协调可变限速和匝道计量的madpg - gst：一种缓解瓶颈拥堵的混合行动深度强化学习方法

高速公路合流瓶颈是造成交通拥堵的主要原因，多个交通流之间的协调不足会导致严重的交通中断。虽然可变速度限制（VSL）和匝道计量（RM）通常用于缓解拥塞，但它们的独立操作和不匹配的控制范围经常导致次优结果。为了解决这个问题，本研究提出了一种基于多智能体深度强化学习的协调VSL-RM策略。控制任务被建模为马尔可夫决策过程（MDP），允许分散的VSL和RM代理之间的联合策略学习。采用自定义多智能体深度确定性策略梯度（madpg）算法对协调策略进行动态优化。
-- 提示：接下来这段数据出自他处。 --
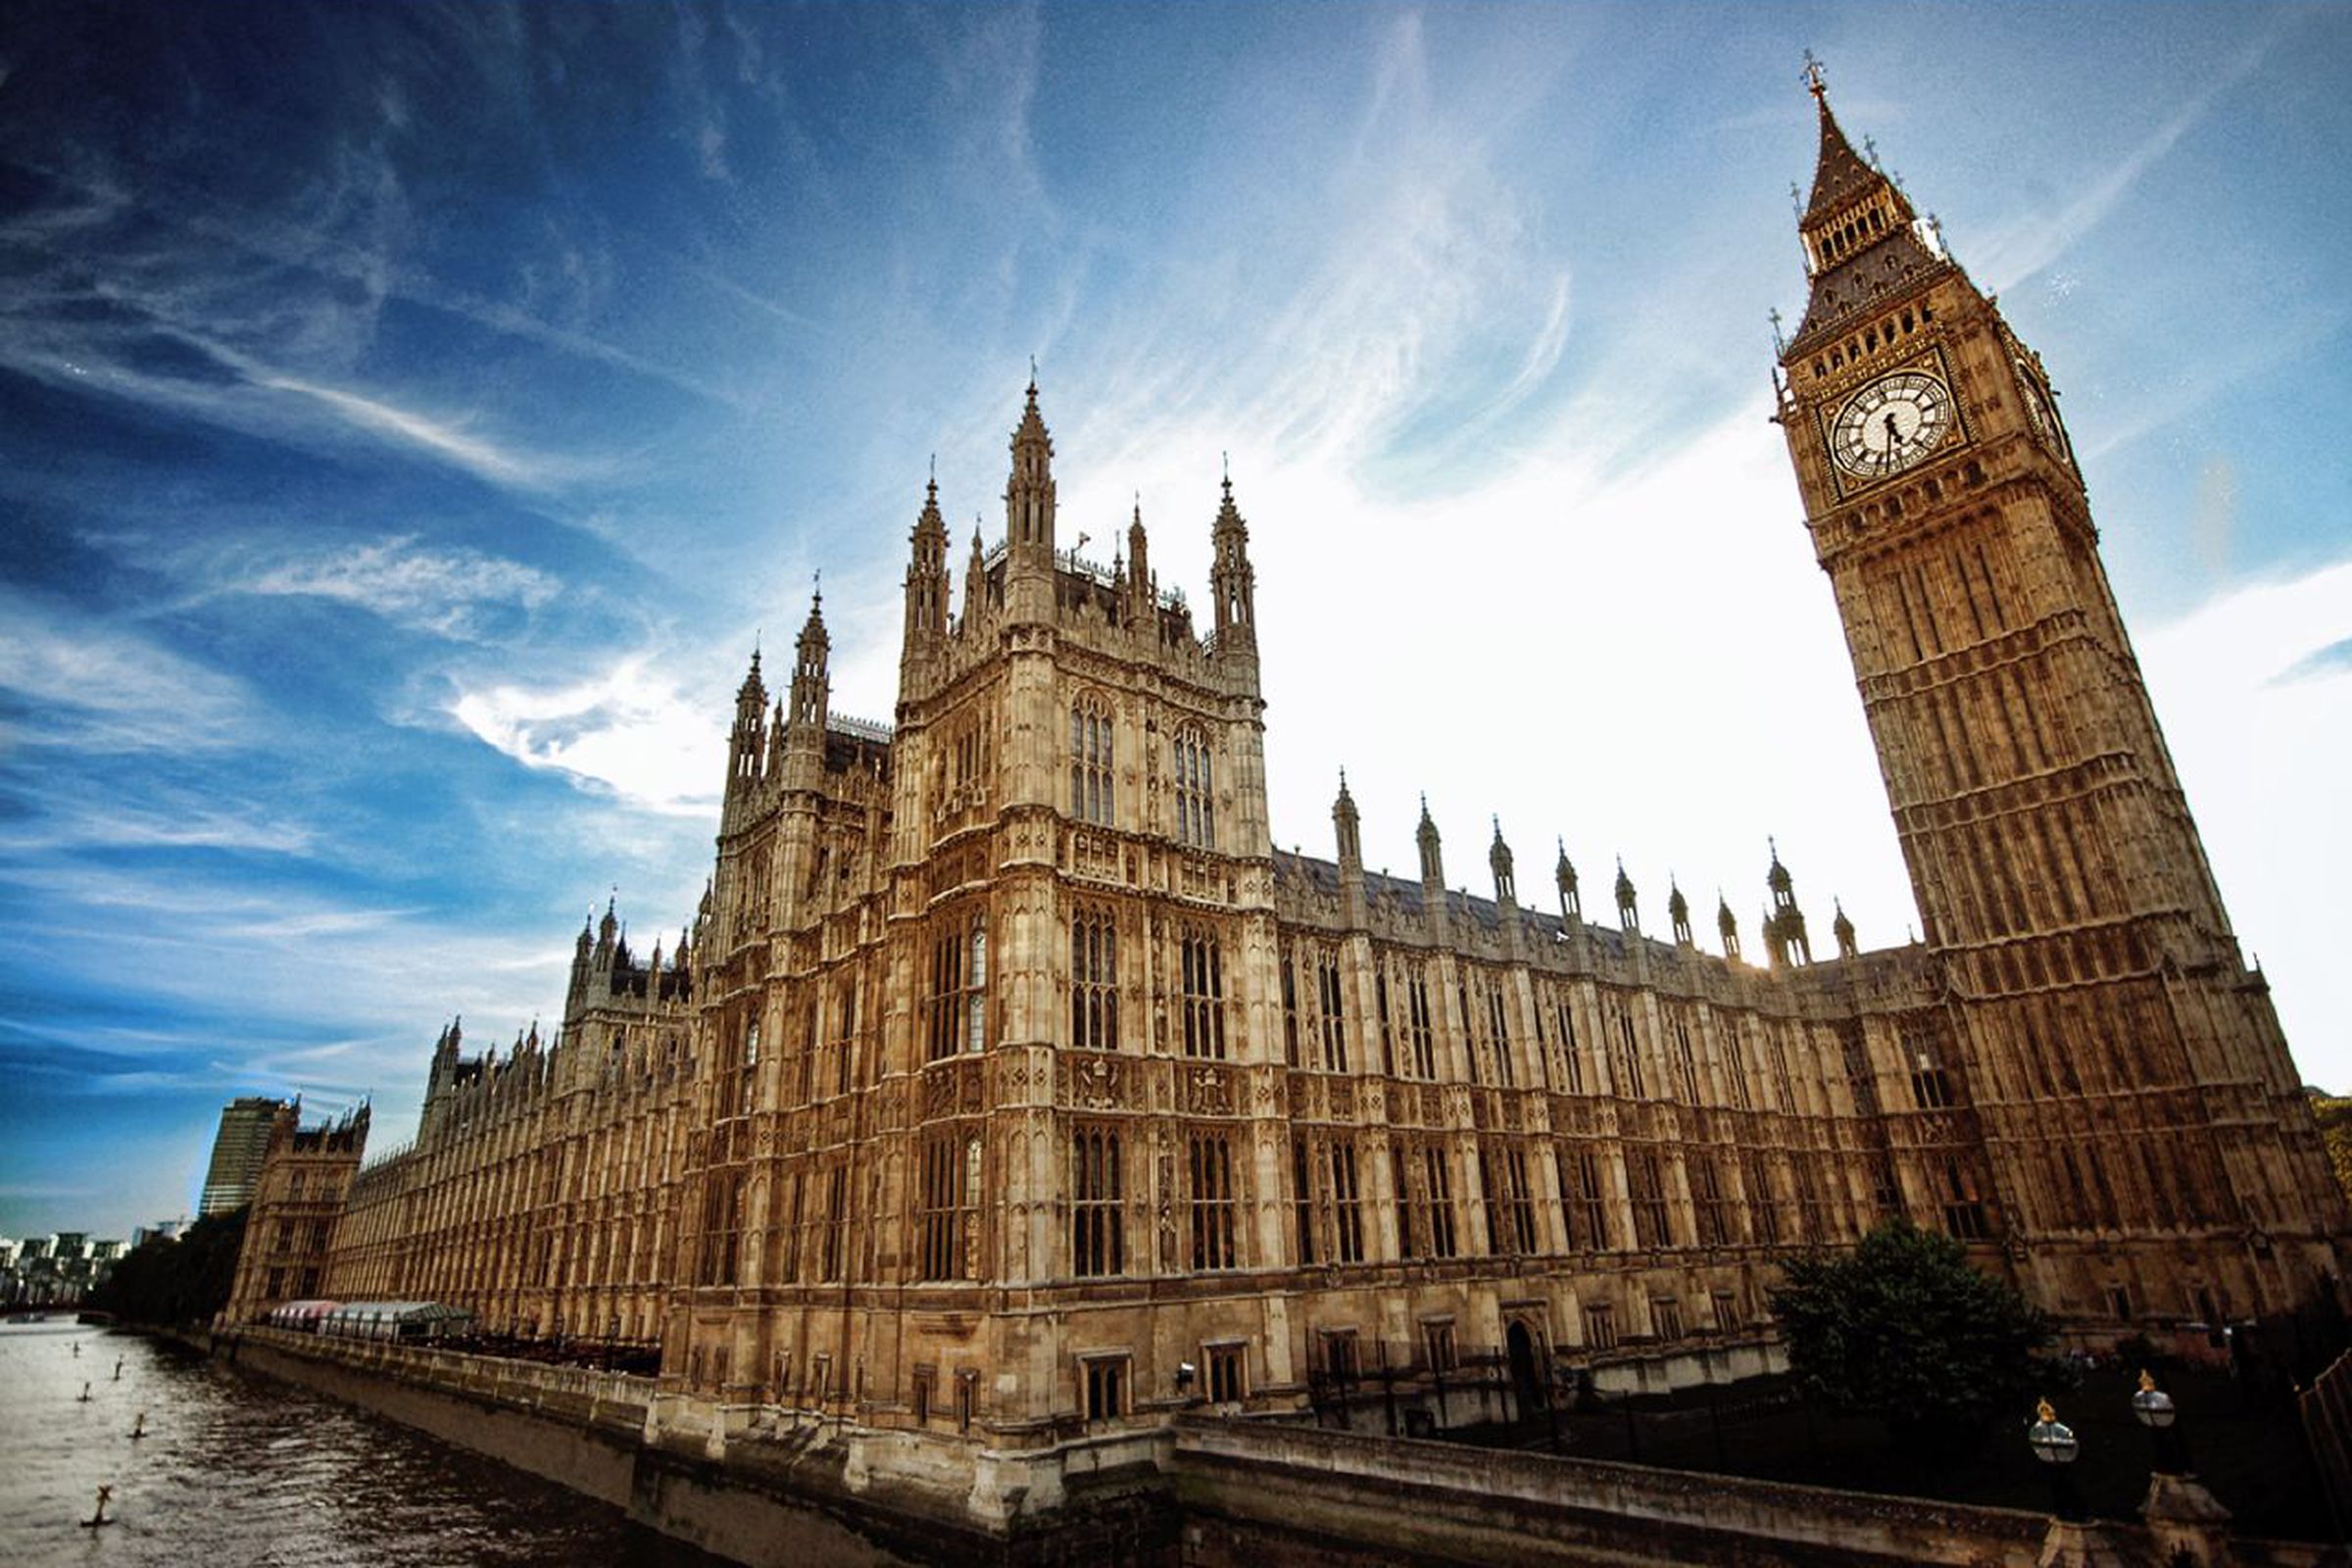 Parliament via Flickr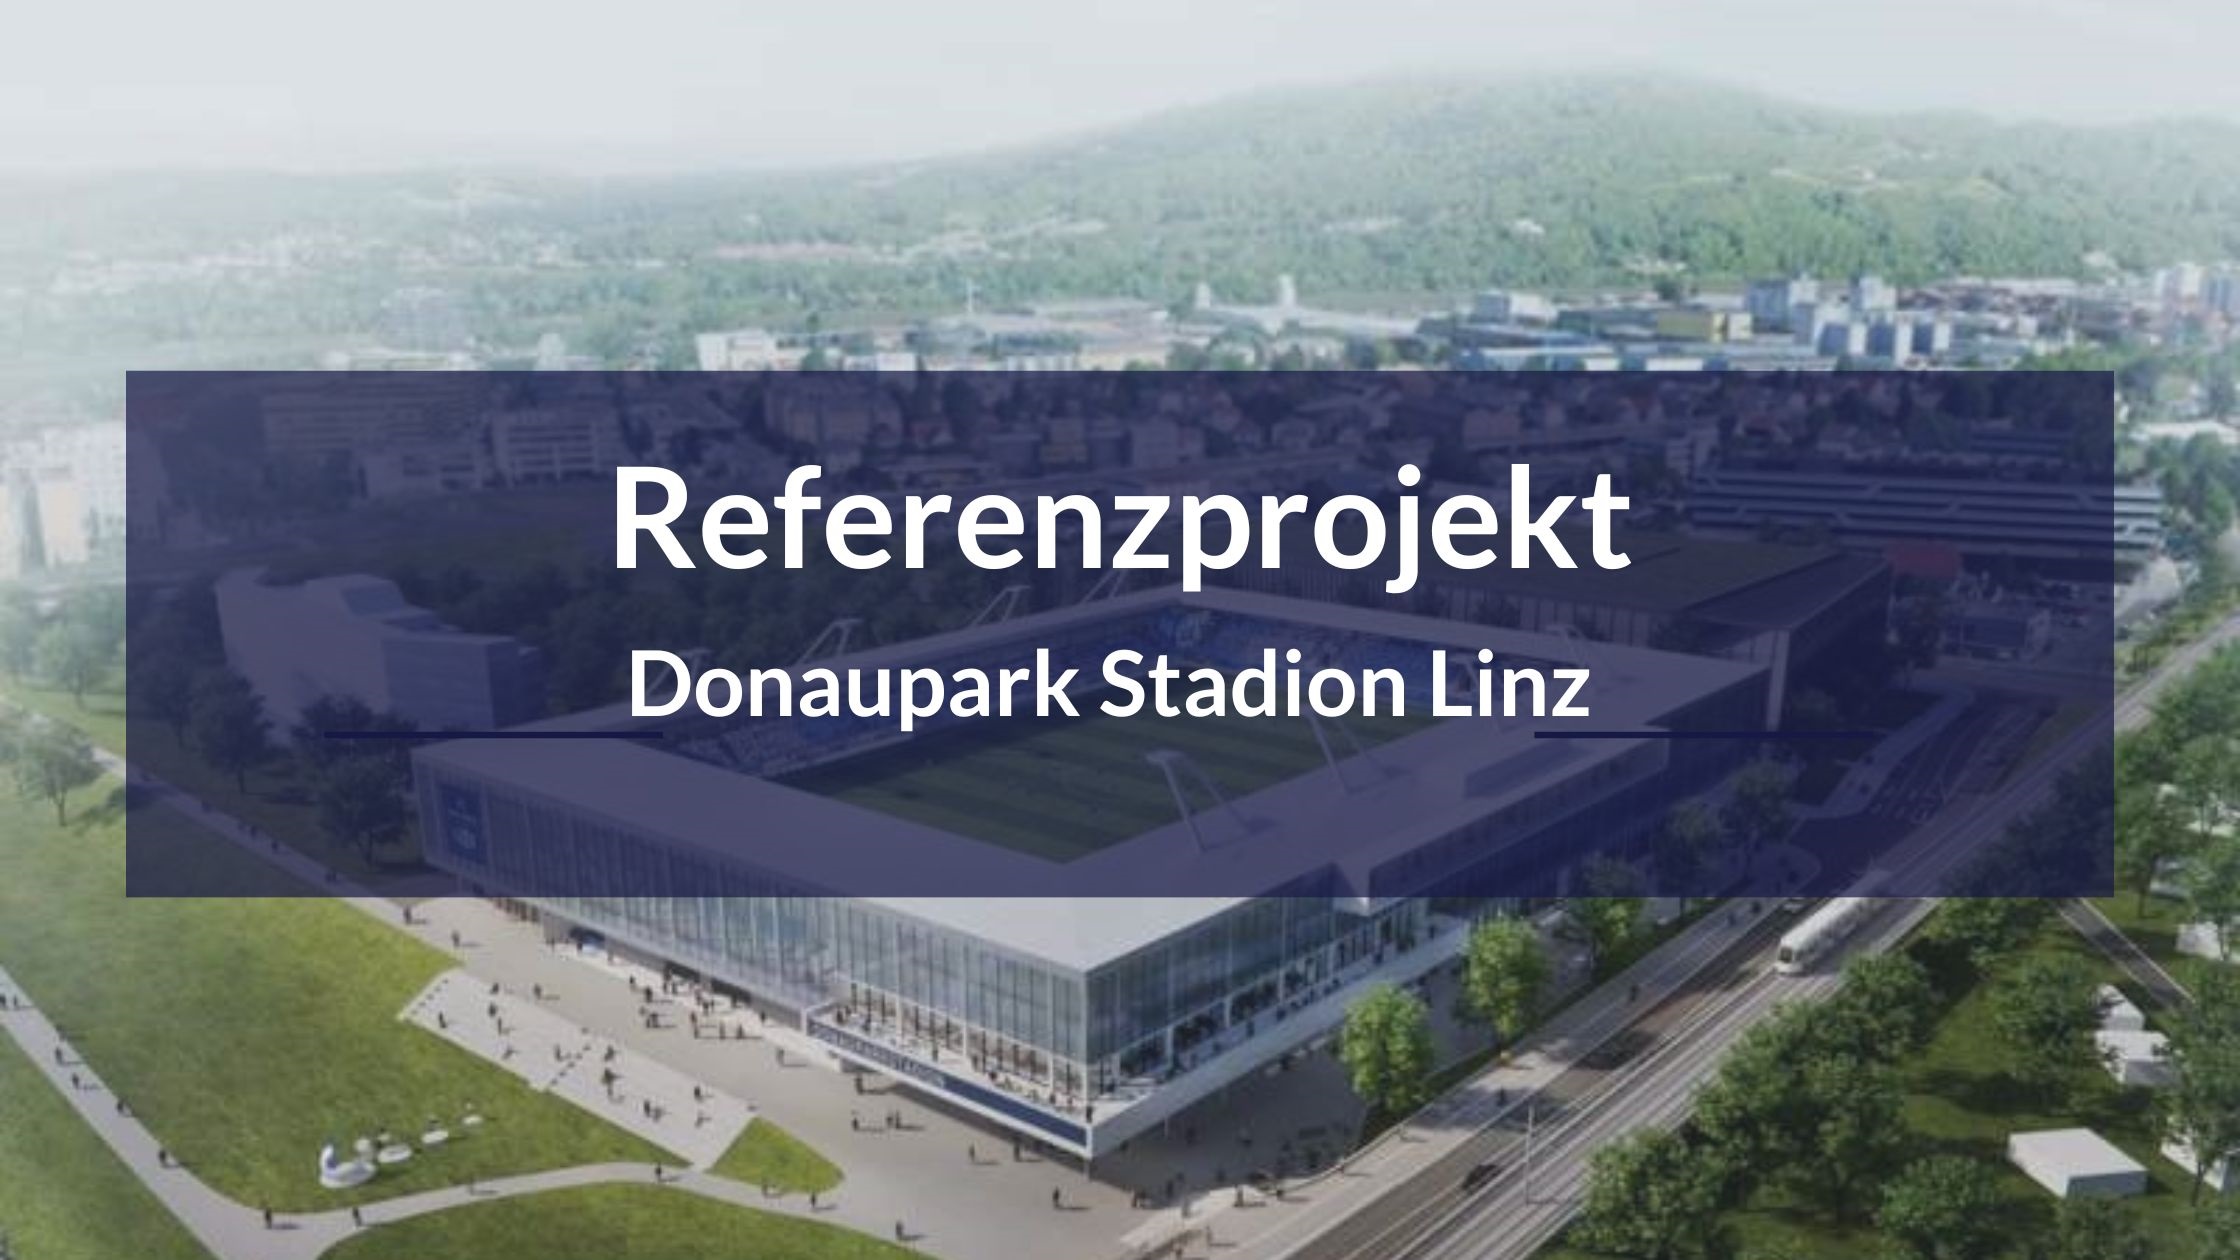 donaupark-stadion-linz-referenzprojekt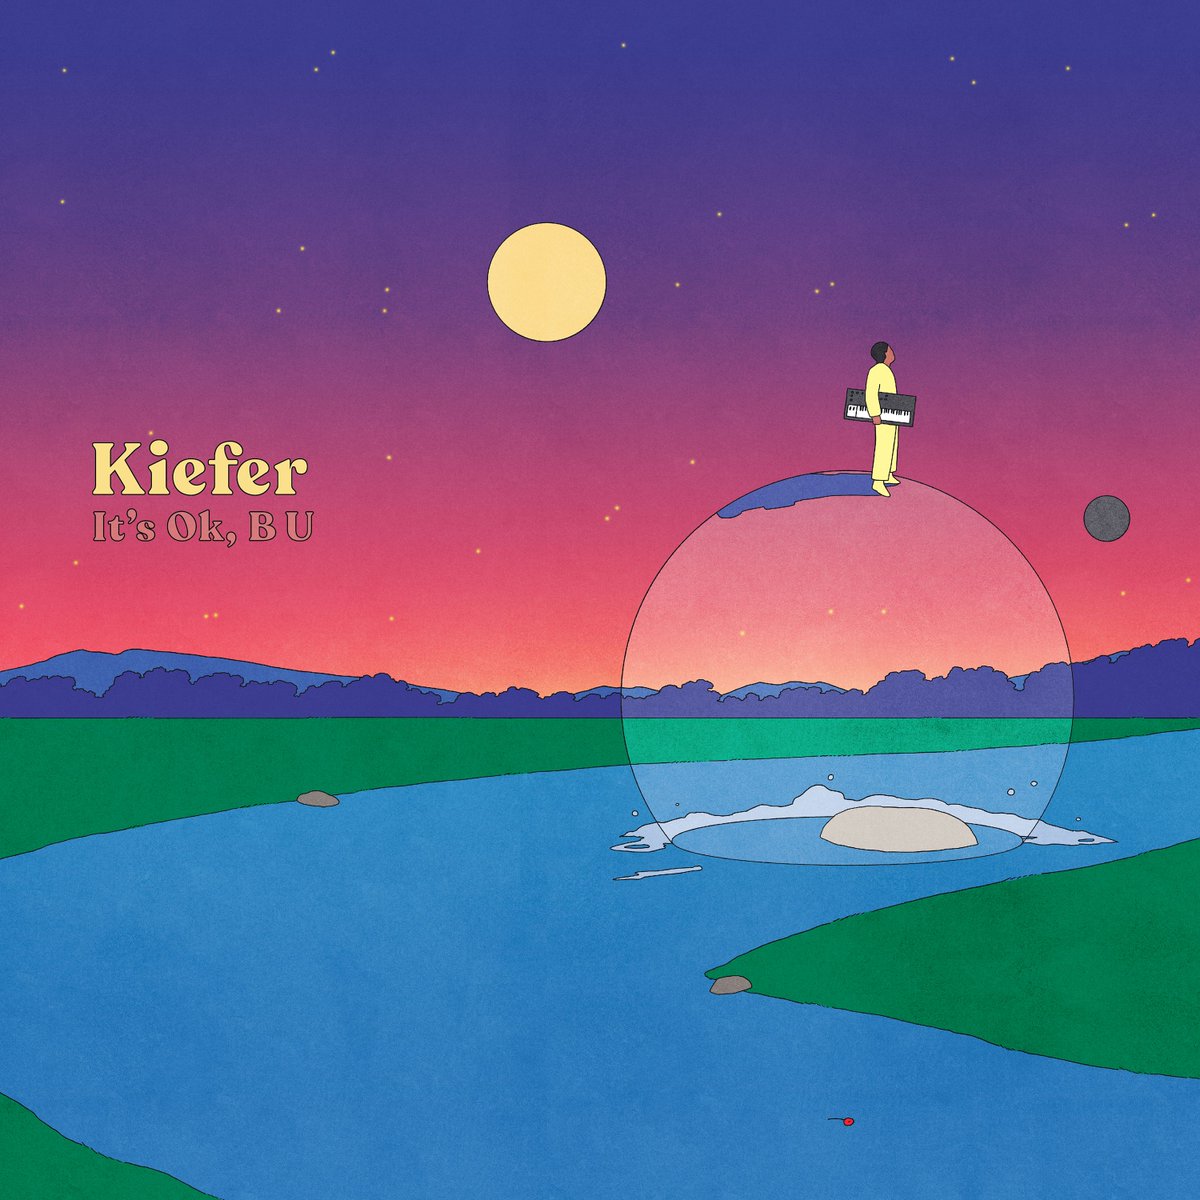 Kiefer announces new album ‘It’s OK, B U’ | Listen to the track 'August Again' martincid.com/en/2023/08/kie… via @martincid #Kiefer #newalbum #ItsOkBU #musicvideo

为了弥合离散VSL和连续RM动作空间之间的差距，Gumbel-Softmax技巧（GST）被集成到可微分混合动作优化的学习过程中。此外，还结合了迁移学习机制，以确保在不同的交通场景中有效地适应策略。在不同需求水平下的仿真结果表明，与传统方法相比，该策略的交通效率和稳定性提高了7.3 % ~ 34.1% %。它还显示出强大的可转移性，减少了高达63.7 %的再训练时间和高达62.7 %的交通延迟，同时在超速干扰和控制滞后条件下保持鲁棒控制。

本文章由计算机程序翻译，如有差异，请以英文原文为准。

求助全文

约1分钟内获得全文求助全文

来源期刊

Physica A: Statistical Mechanics and its Applications 物理-物理：综合

CiteScore

7.20

自引率

9.10%

发文量

852

审稿时长

6.6 months

期刊介绍： Physica A: Statistical Mechanics and its Applications Recognized by the European Physical Society Physica A publishes research in the field of statistical mechanics and its applications. Statistical mechanics sets out to explain the behaviour of macroscopic systems by studying the statistical properties of their microscopic constituents. Applications of the techniques of statistical mechanics are widespread, and include: applications to physical systems such as solids, liquids and gases; applications to chemical and biological systems (colloids, interfaces, complex fluids, polymers and biopolymers, cell physics); and other interdisciplinary applications to for instance biological, economical and sociological systems.